━━━━━ AVAILABLE DATA ━━━━━

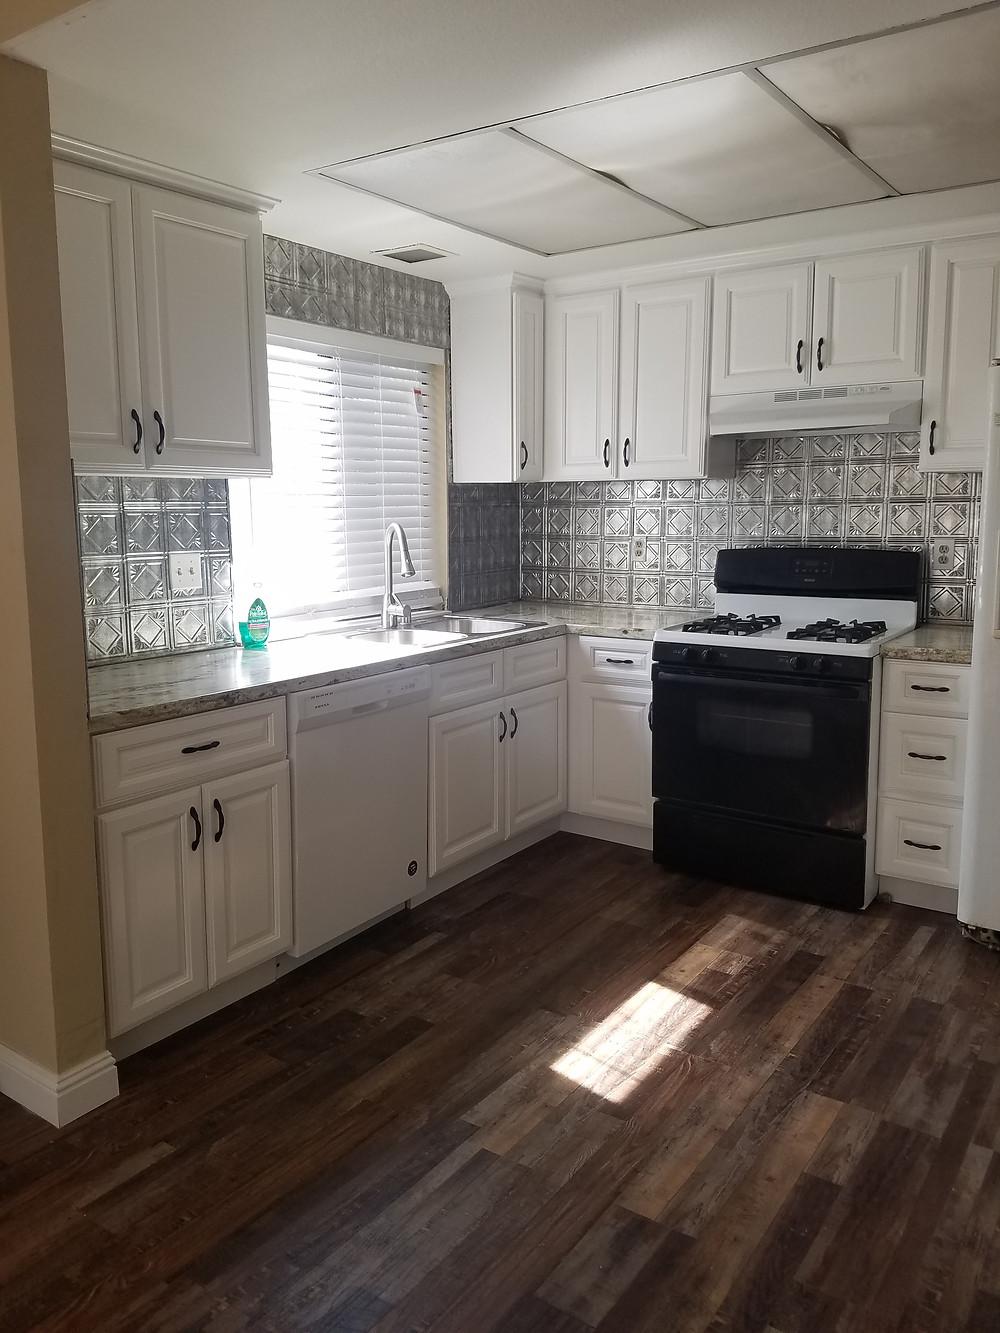 #Integritywoodworking #orangecountyca #kitchen #installation #kitchencabinets #cabinetinstallation #whitecabinets #remodel #kitchenremodel
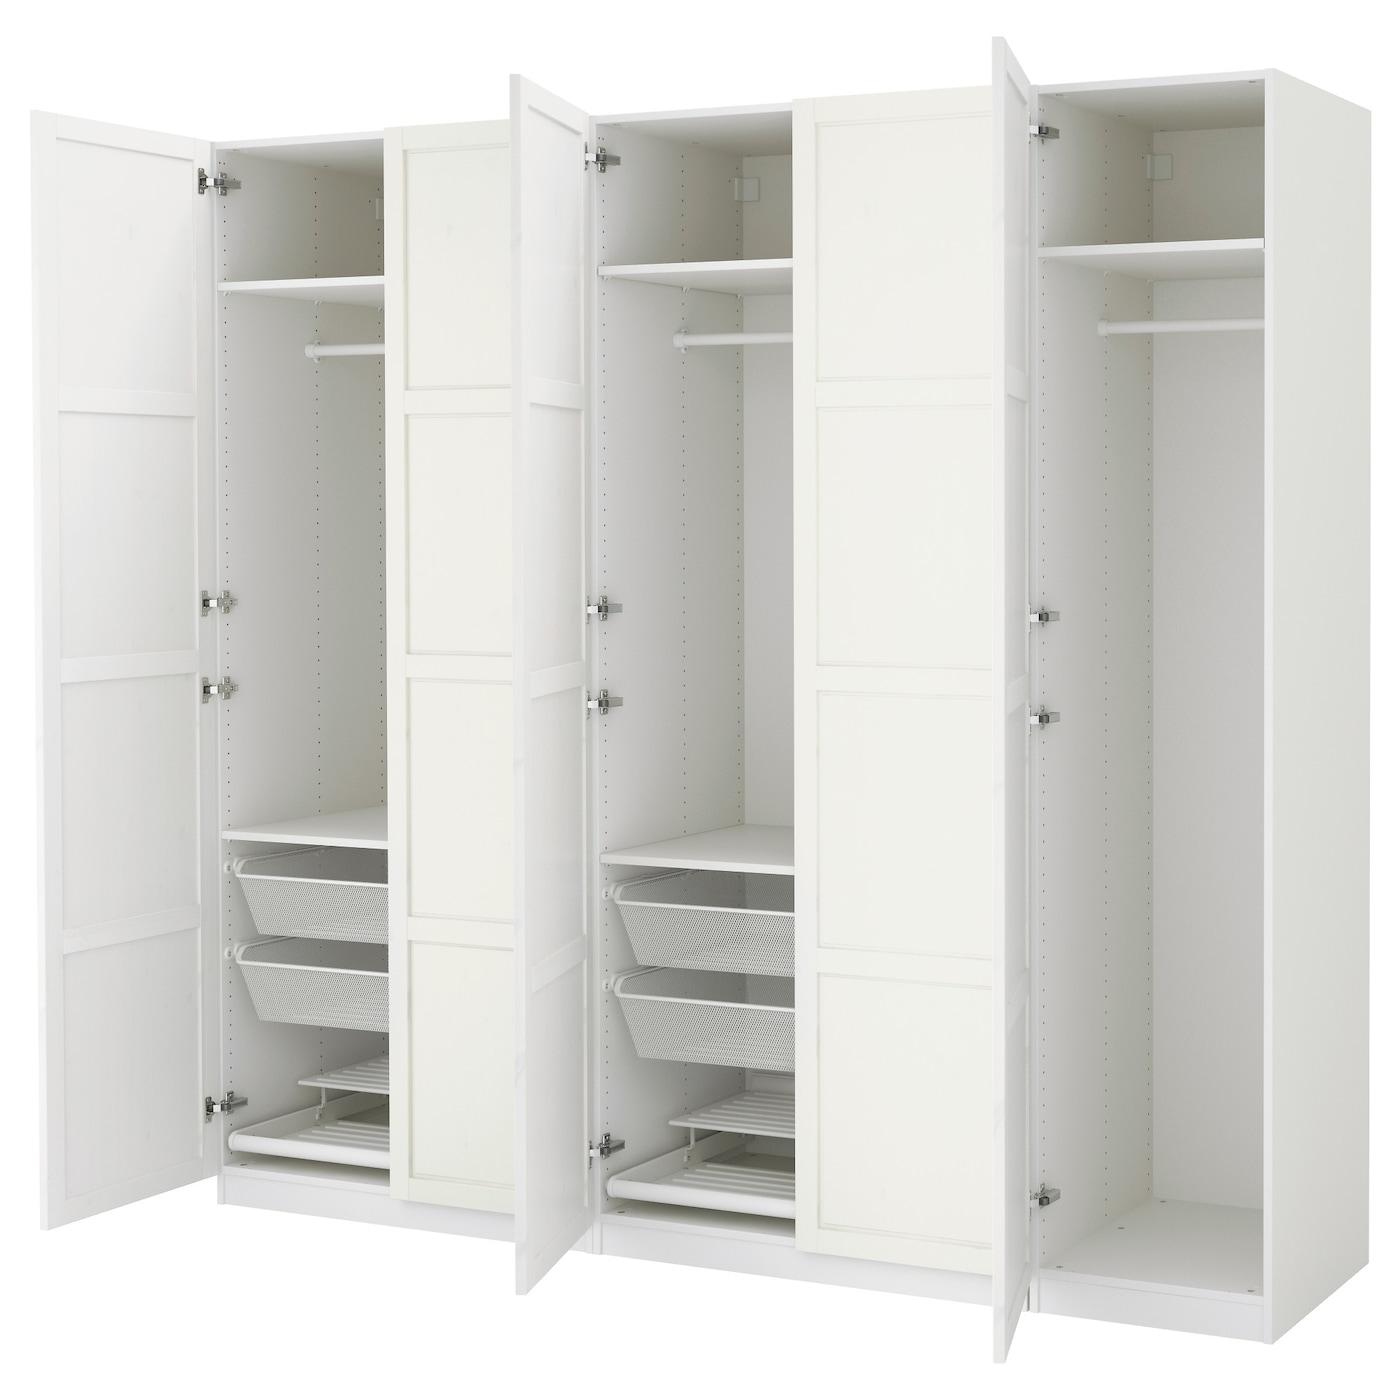 wardrobe 8 feet. ikea pax wardrobe 10 year guarantee read about the terms in brochure 8 feet e
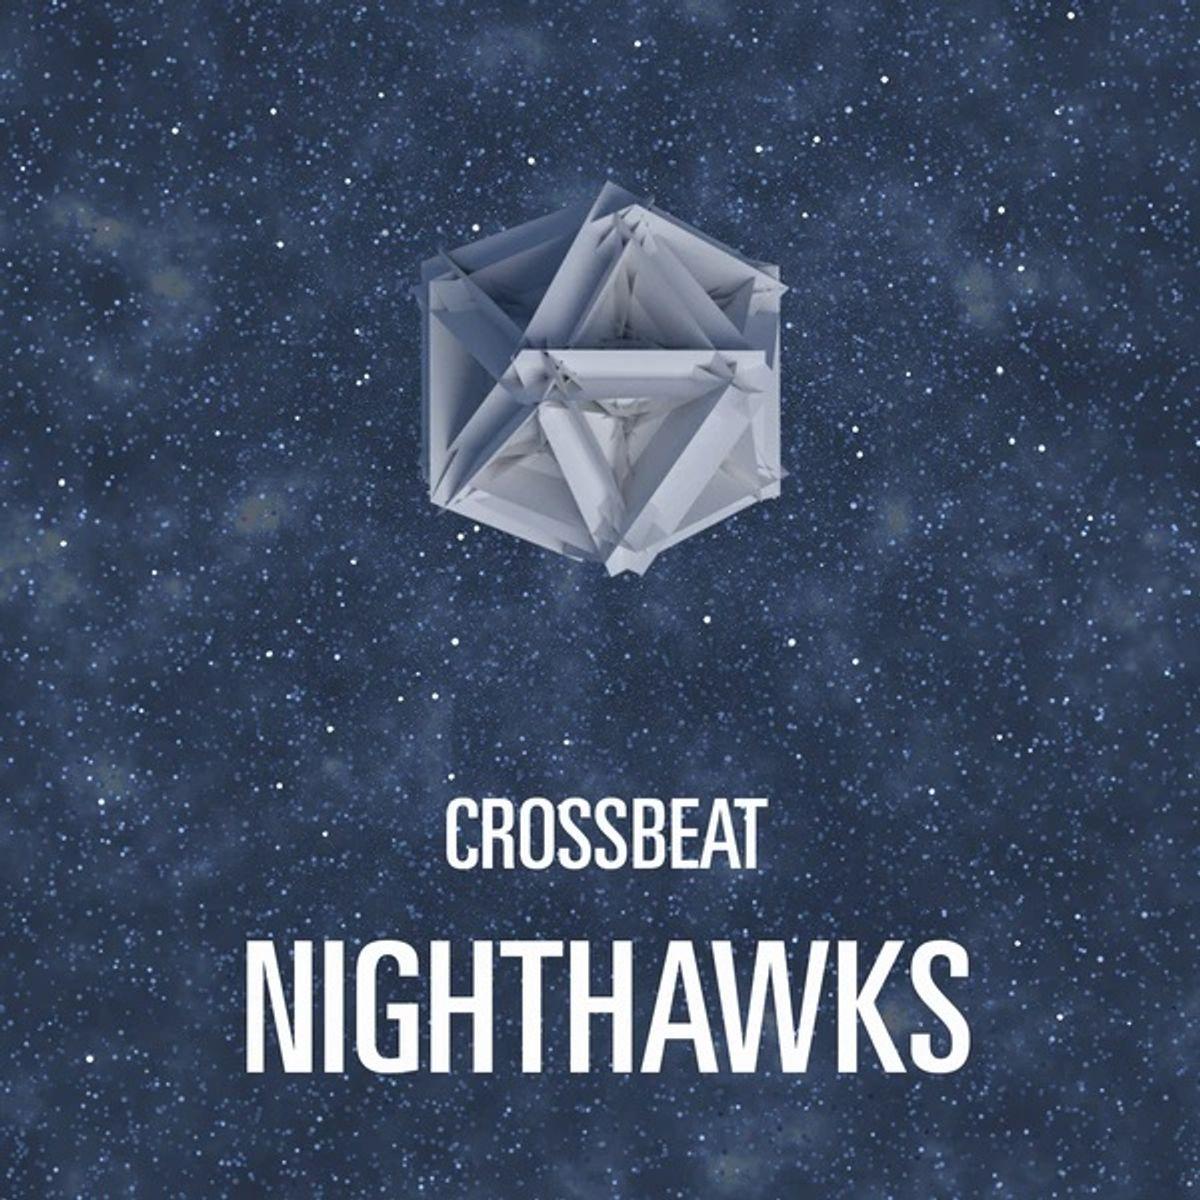 Crossbeat - Nighthawks

━━━━━

- ACTION ITEM:
Reproduce the entire listing exactly, except for any pictures it contains.

- PROBLEM SOLUTION:
 #Integritywoodworking #orangecountyca #kitchen #installation #kitchencabinets #cabinetinstallation #whitecabinets #remodel #kitchenremodel
 wardrobe 8 feet. ikea pax wardrobe 10 year guarantee read about the terms in brochure 8 feet e
 Crossbeat - Nighthawks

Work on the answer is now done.